▶ WHAT TO DO
Omit the images, then repeat the listing exactly.
(Beginning of SOURCE MATERIAL)
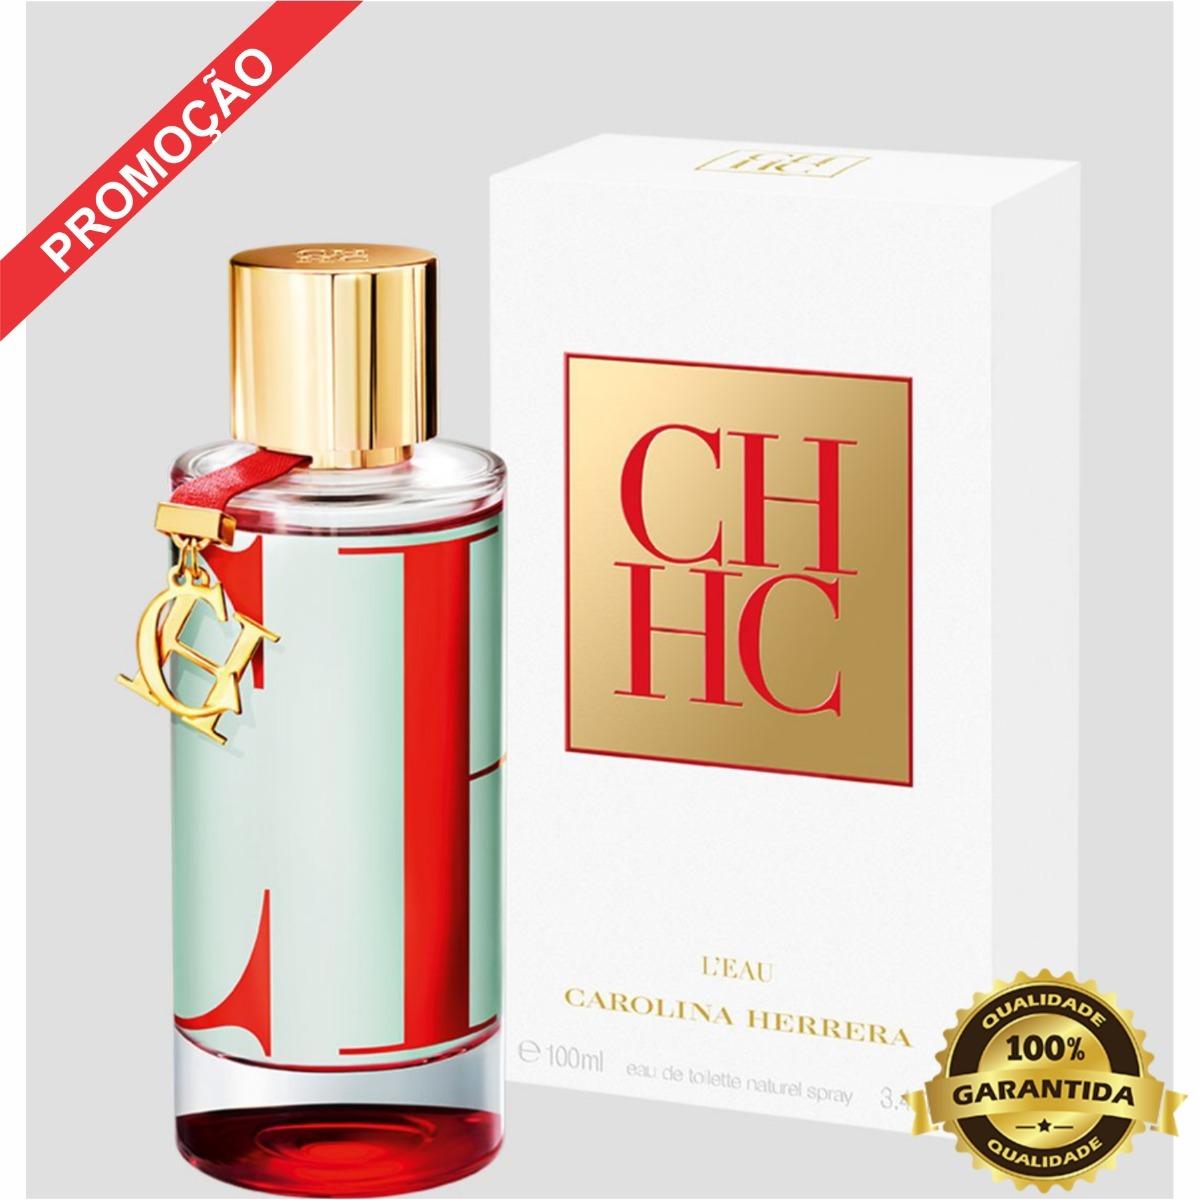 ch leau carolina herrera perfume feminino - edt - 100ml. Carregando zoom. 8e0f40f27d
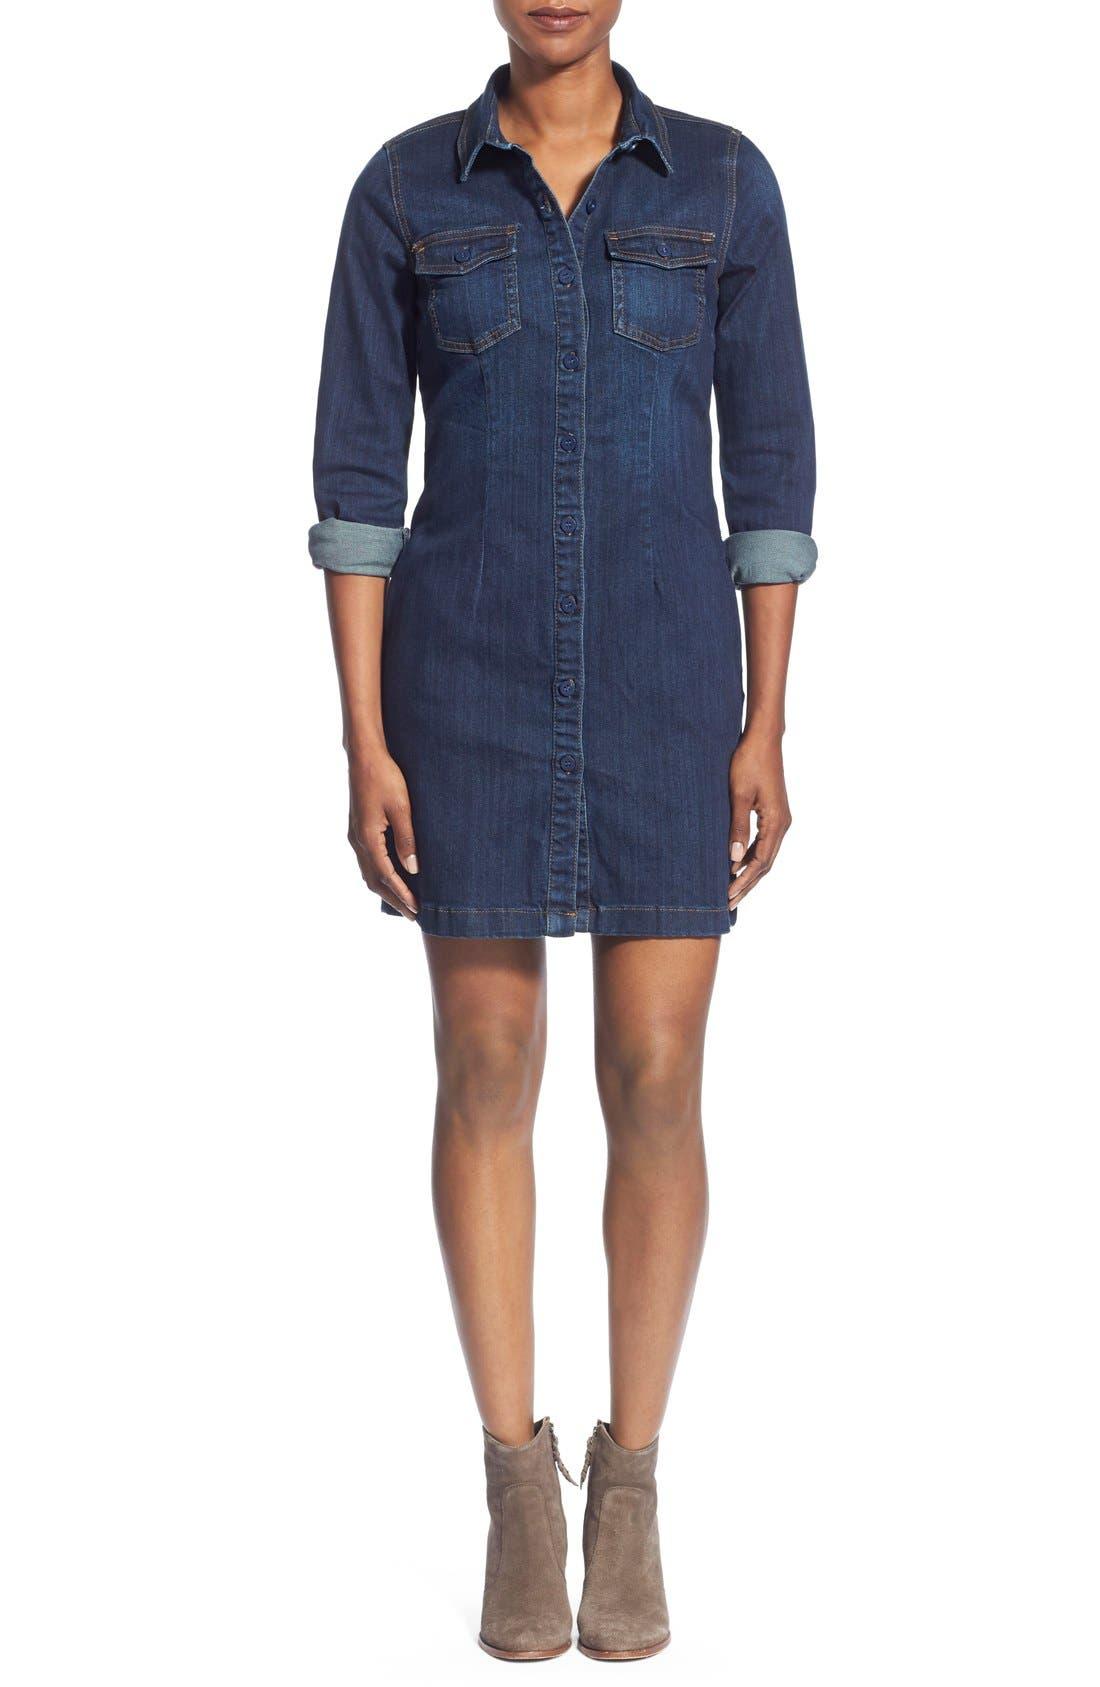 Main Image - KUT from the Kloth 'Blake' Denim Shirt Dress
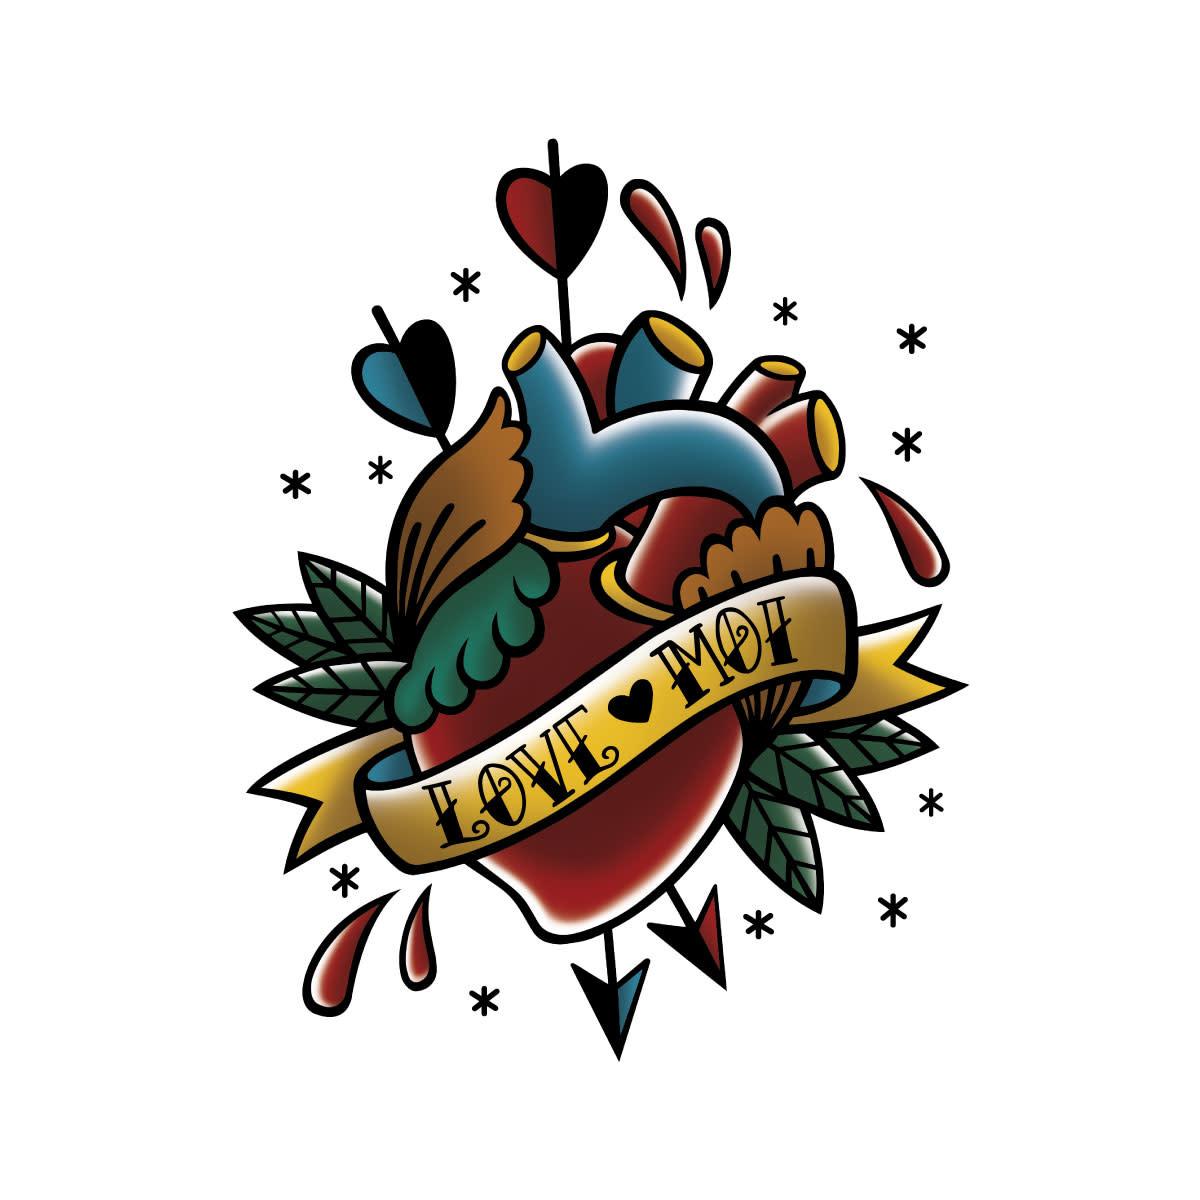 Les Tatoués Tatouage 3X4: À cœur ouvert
(End of SOURCE MATERIAL)
▶ YOUR SOLUTION
 ch leau carolina herrera perfume feminino - edt - 100ml. Carregando zoom. 8e0f40f27d
 Main Image - KUT from the Kloth 'Blake' Denim Shirt Dress
 Les Tatoués Tatouage 3X4: À cœur ouvert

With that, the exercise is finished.